** MATERIAL PROVIDED follows **

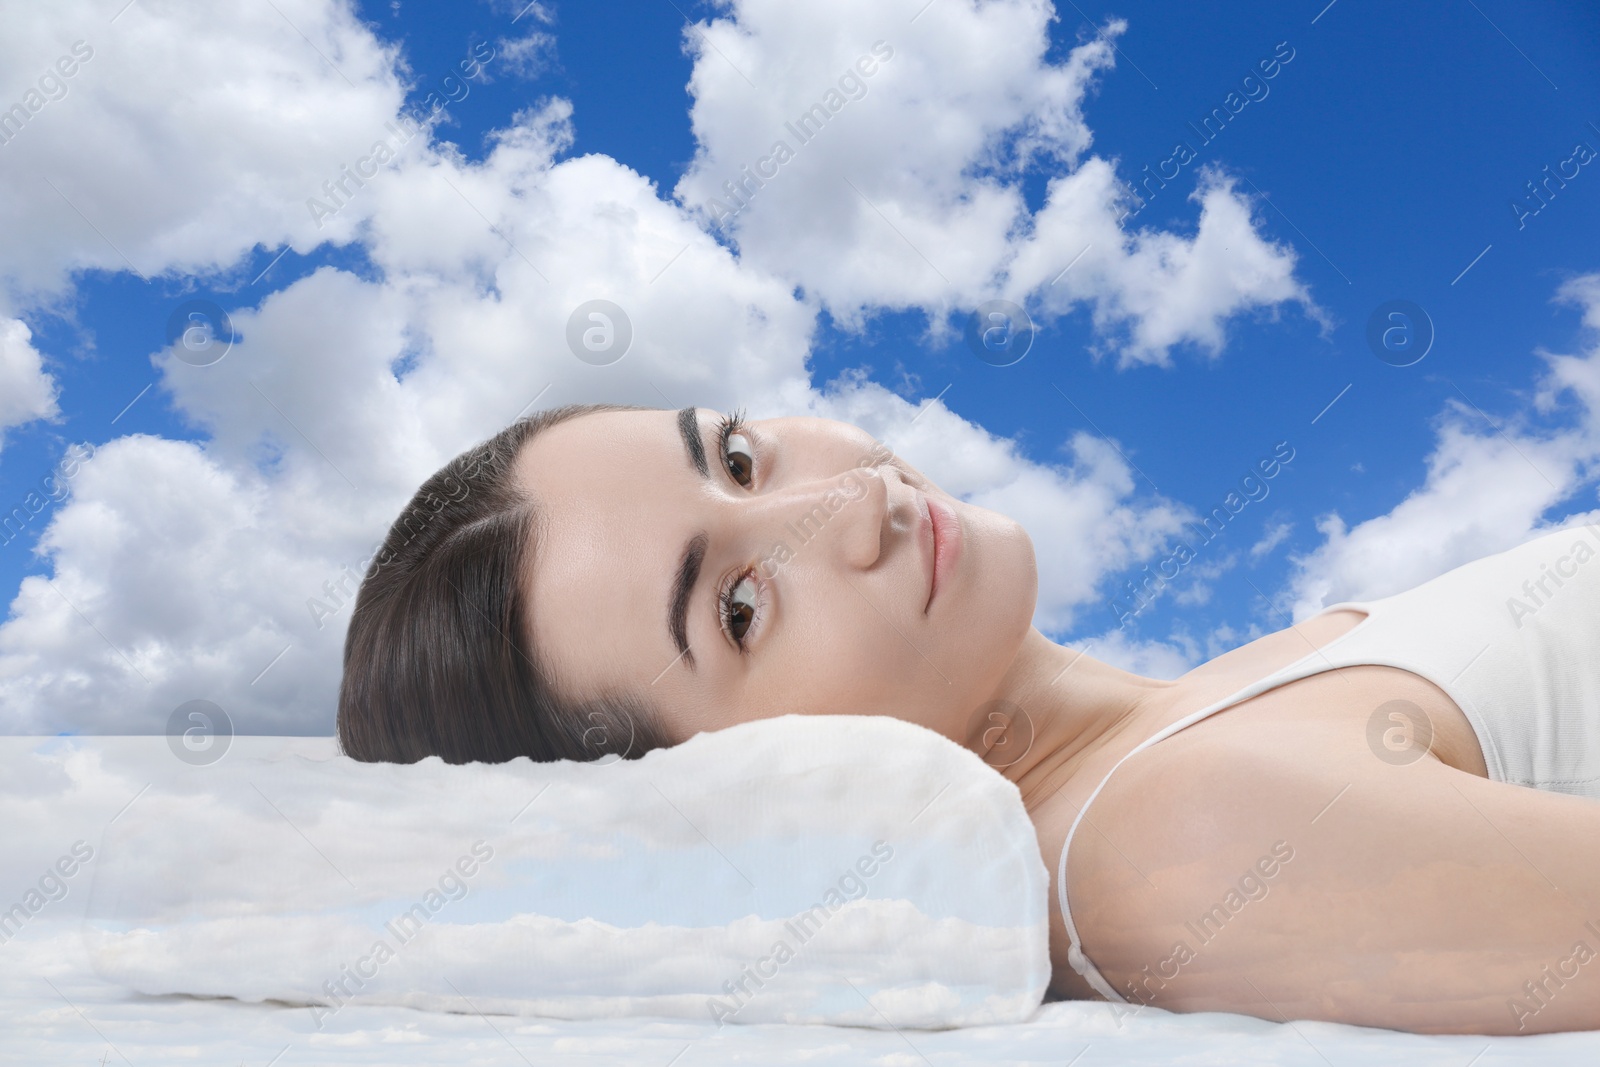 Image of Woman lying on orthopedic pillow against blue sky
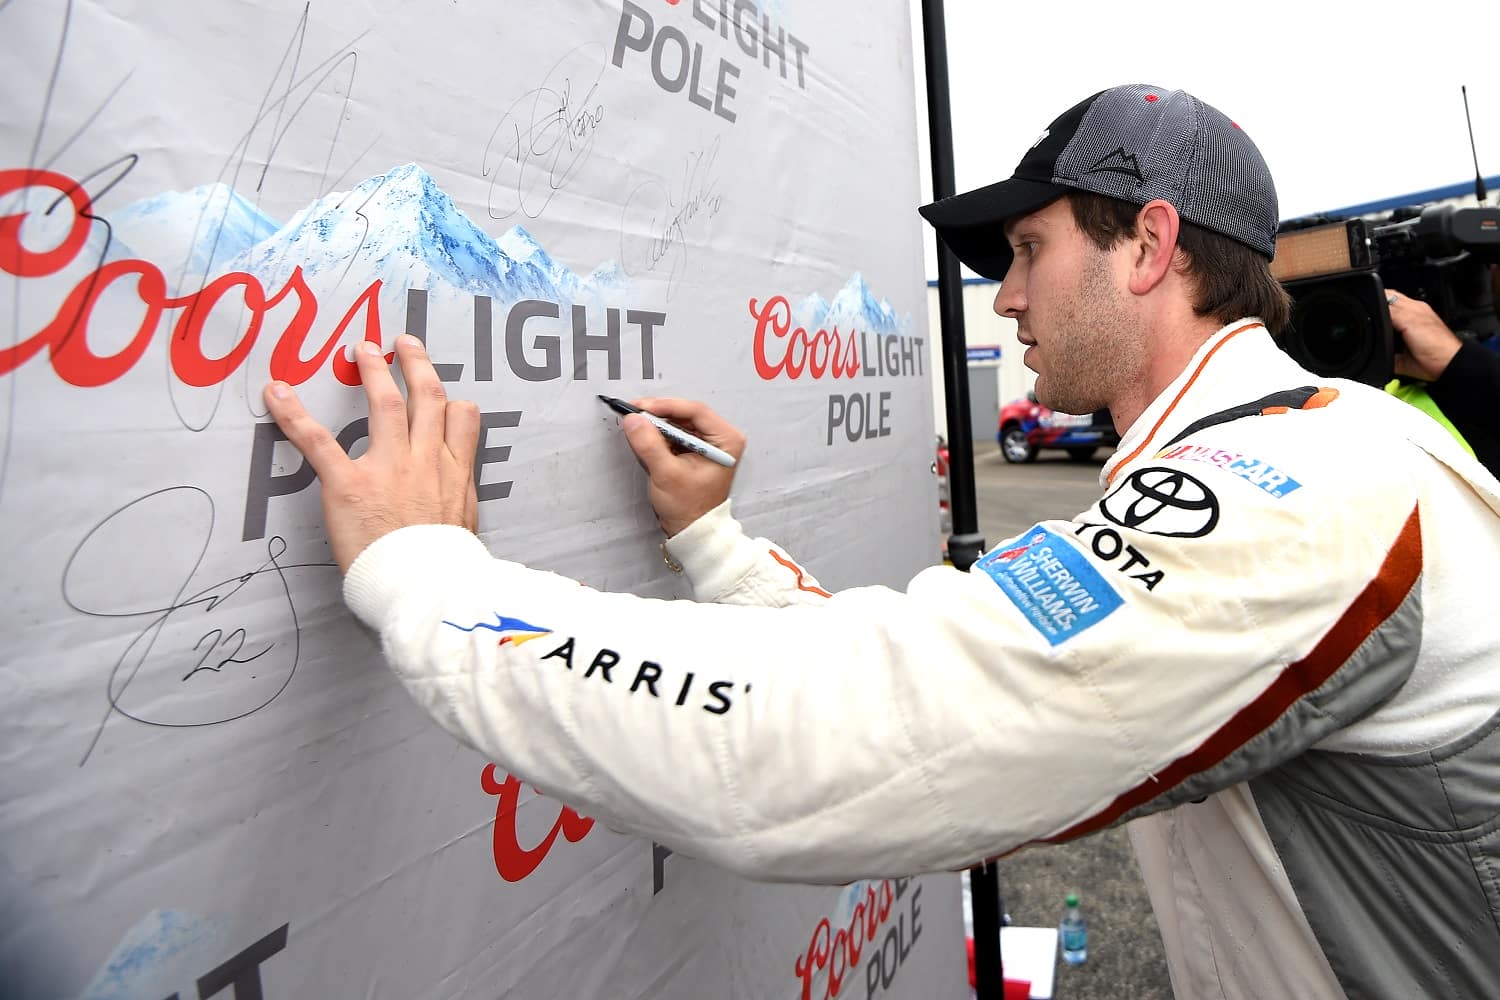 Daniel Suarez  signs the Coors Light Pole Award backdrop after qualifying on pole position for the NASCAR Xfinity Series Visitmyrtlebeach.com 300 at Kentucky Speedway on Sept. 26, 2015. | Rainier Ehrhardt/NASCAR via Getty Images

** End of MATERIAL PROVIDED **
** MATERIAL PROVIDED follows **

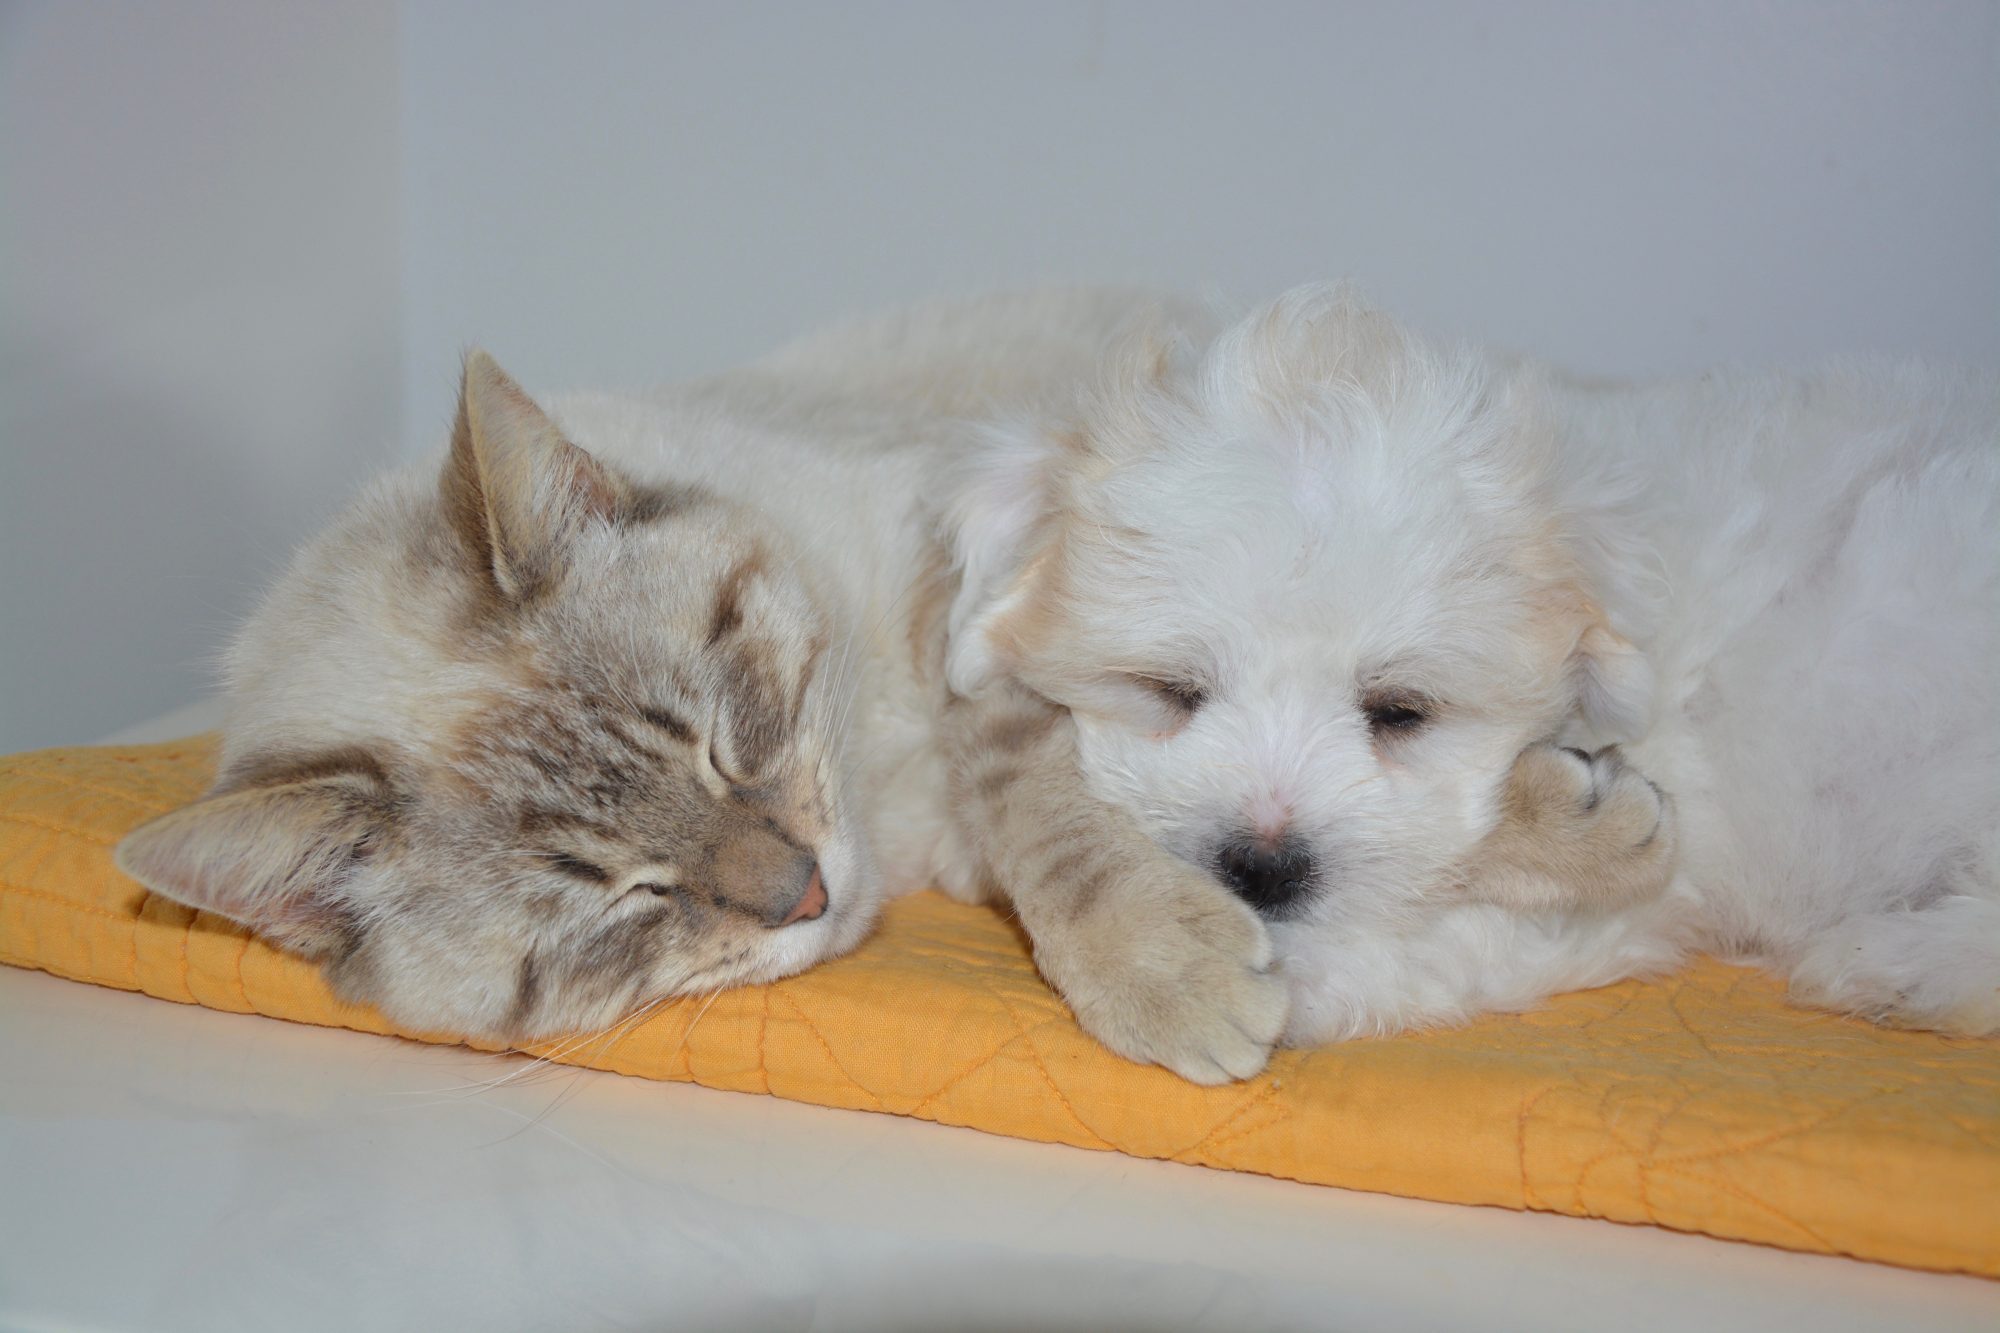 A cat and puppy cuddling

** End of MATERIAL PROVIDED **
** MATERIAL PROVIDED follows **

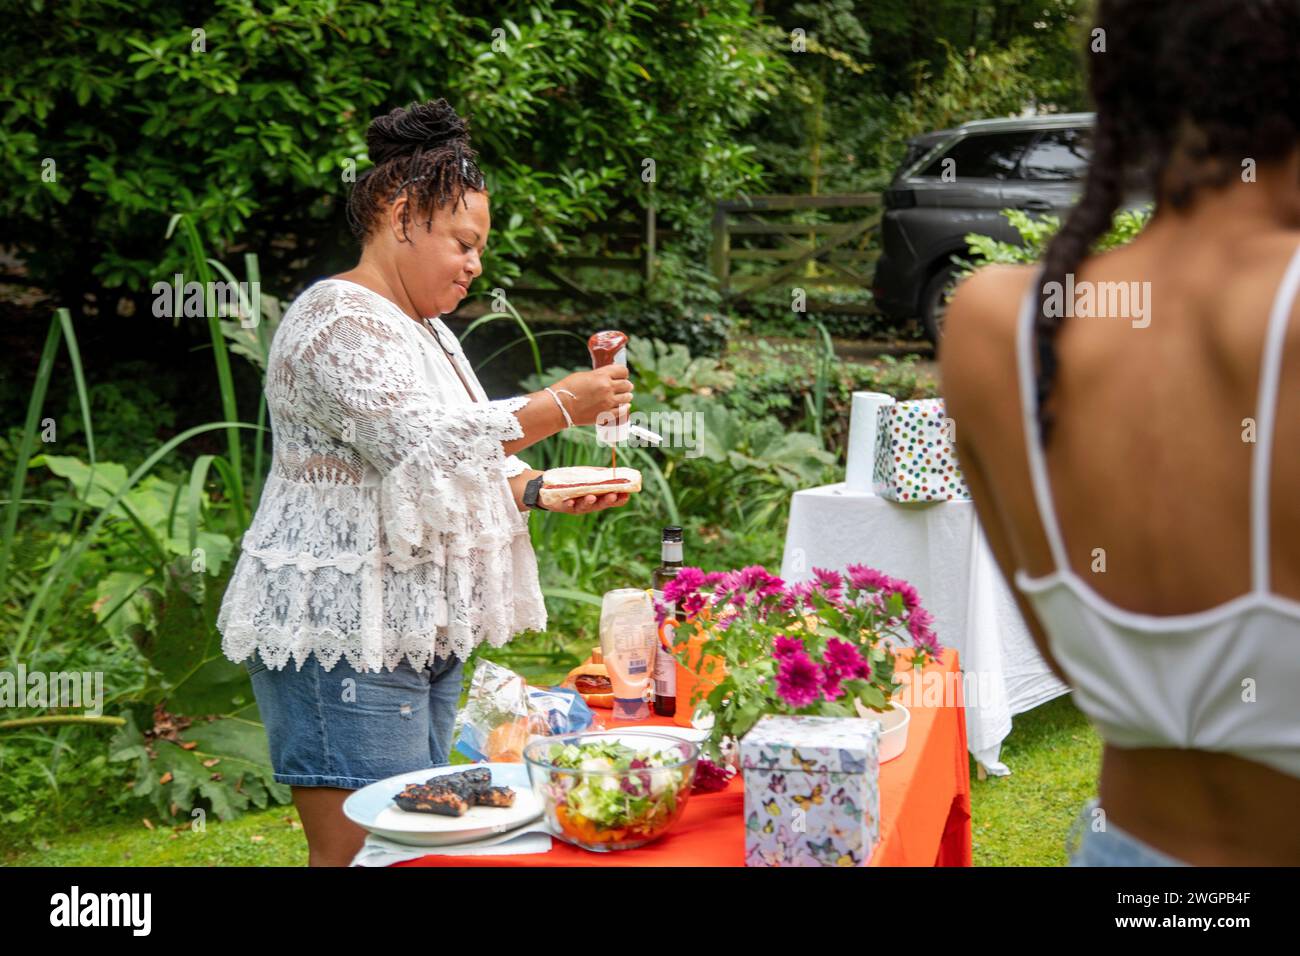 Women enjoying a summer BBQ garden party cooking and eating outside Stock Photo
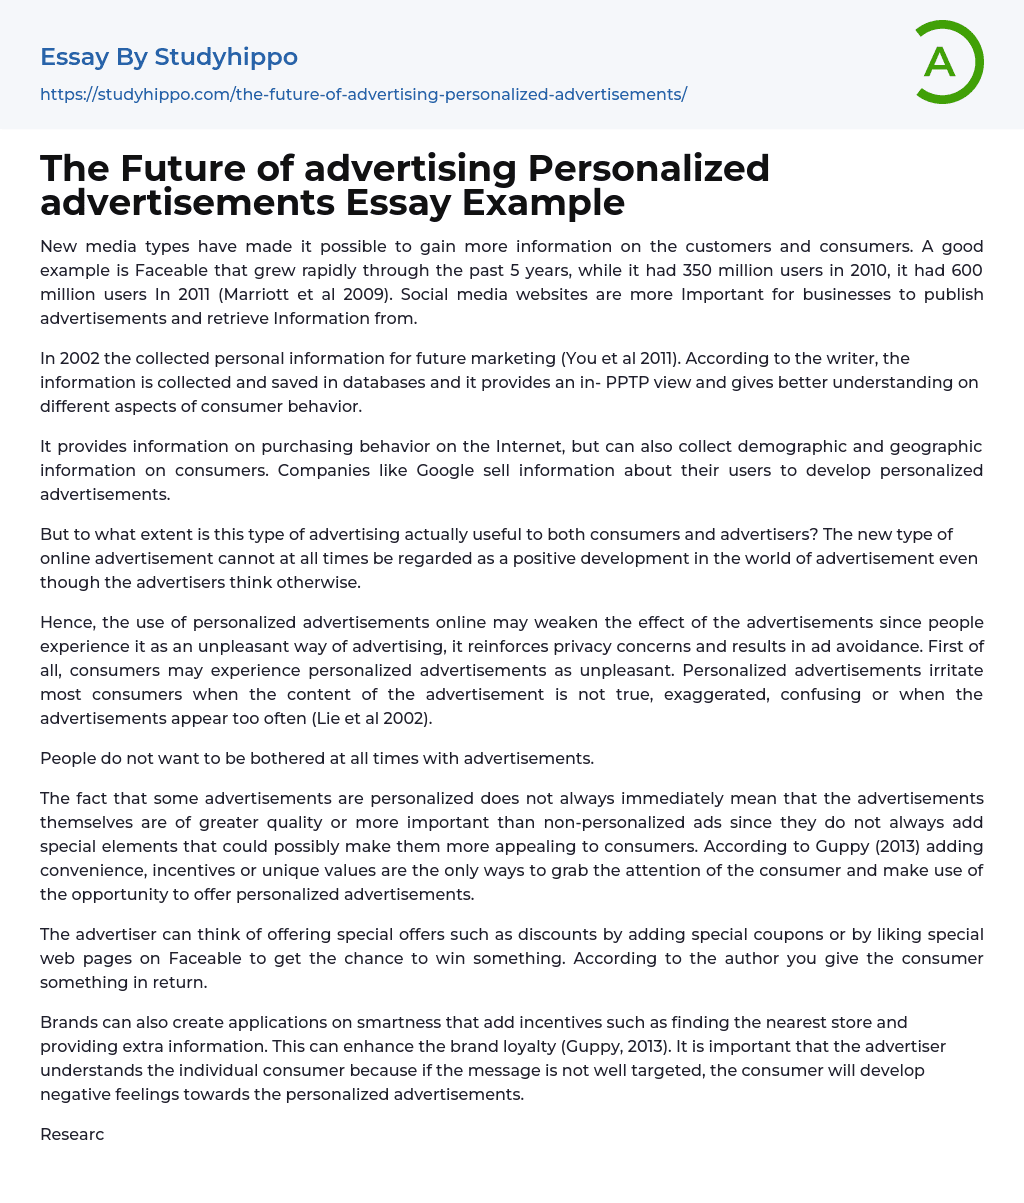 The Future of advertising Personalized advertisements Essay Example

** End of MATERIAL PROVIDED **

■ **WORK ITEM**:
Skip every picture, and restate word for word only the lines above from the line containing "Women enjoying a" to the line containing "The Future of", both of them included.

■ **SOLVED EXERCISE**:
 Women enjoying a summer BBQ garden party cooking and eating outside Stock Photo
 The Future of advertising Personalized advertisements Essay Example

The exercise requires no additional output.